If that were so, why was she not dead now? This very minute? She had just experienced as much and as terrible excitement as most people experience in a lifetime, crowded into that endless thirty seconds. Yet she had not died of it. She was not an iota the worse for it. A little wobbly at the knees, as anyone would have been; a quicker heartbeat, as anyone would have; nothing more.

Why!

Was it possible Dr. Trent had made a mistake?

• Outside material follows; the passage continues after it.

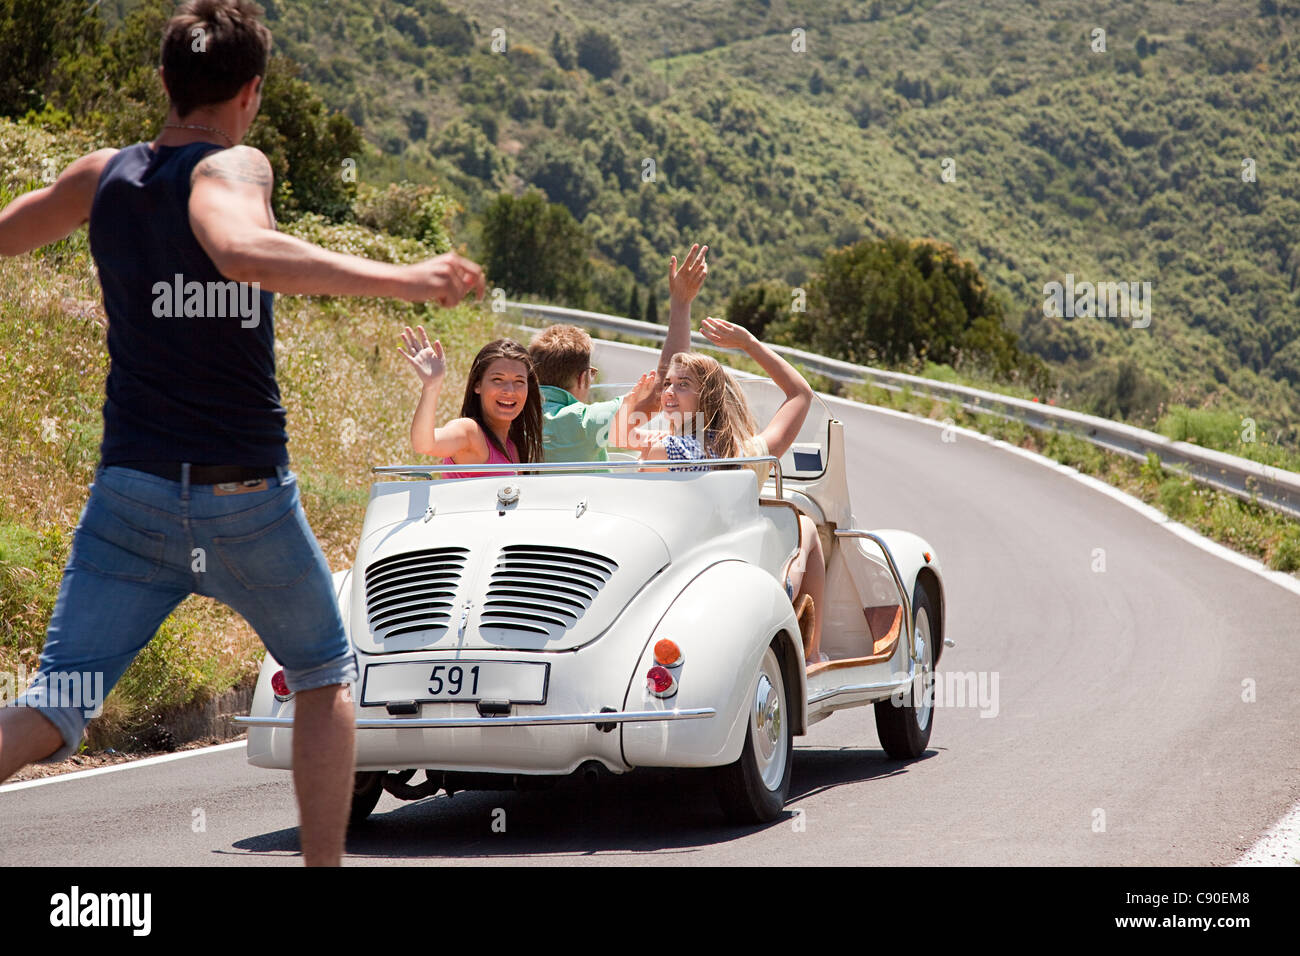 Convertible car guida passato hitchhiker Immagini Stock

Valancy shivered as if a cold wind had suddenly chilled her to the soul. She looked at Barney, hunched up beside her. His silence was very eloquent. Had the same thought occurred to him? Did he suddenly find himself confronted by the appalling suspicion that he was married, not for a few months or a year, but for good and all to a woman he did not love and who had foisted herself upon him by some trick or lie? Valancy turned sick before the horror of it. It could not be. It would be too cruel⁠—too devilish. Dr. Trent couldn’t have made a mistake. Impossible. He was one of the best heart specialists in Ontario. She was foolish⁠—unnerved by the recent horror. She remembered some of the hideous spasms of pain she had had. There must be something serious the matter with her heart to account for them.

But she had not had any for nearly three months.

Why?

Presently Barney bestirred himself. He stood up, without looking at Valancy, and said casually:

“I suppose we’d better be hiking back. Sun’s getting low. Are you good for the rest of the road?”

“I think so,” said Valancy miserably.

Barney went across the clearing and picked up the parcel he had dropped⁠—the parcel containing her new shoes. He brought it to her and let her take out the shoes and put them on without any assistance, while he stood with his back to her and looked out over the pines.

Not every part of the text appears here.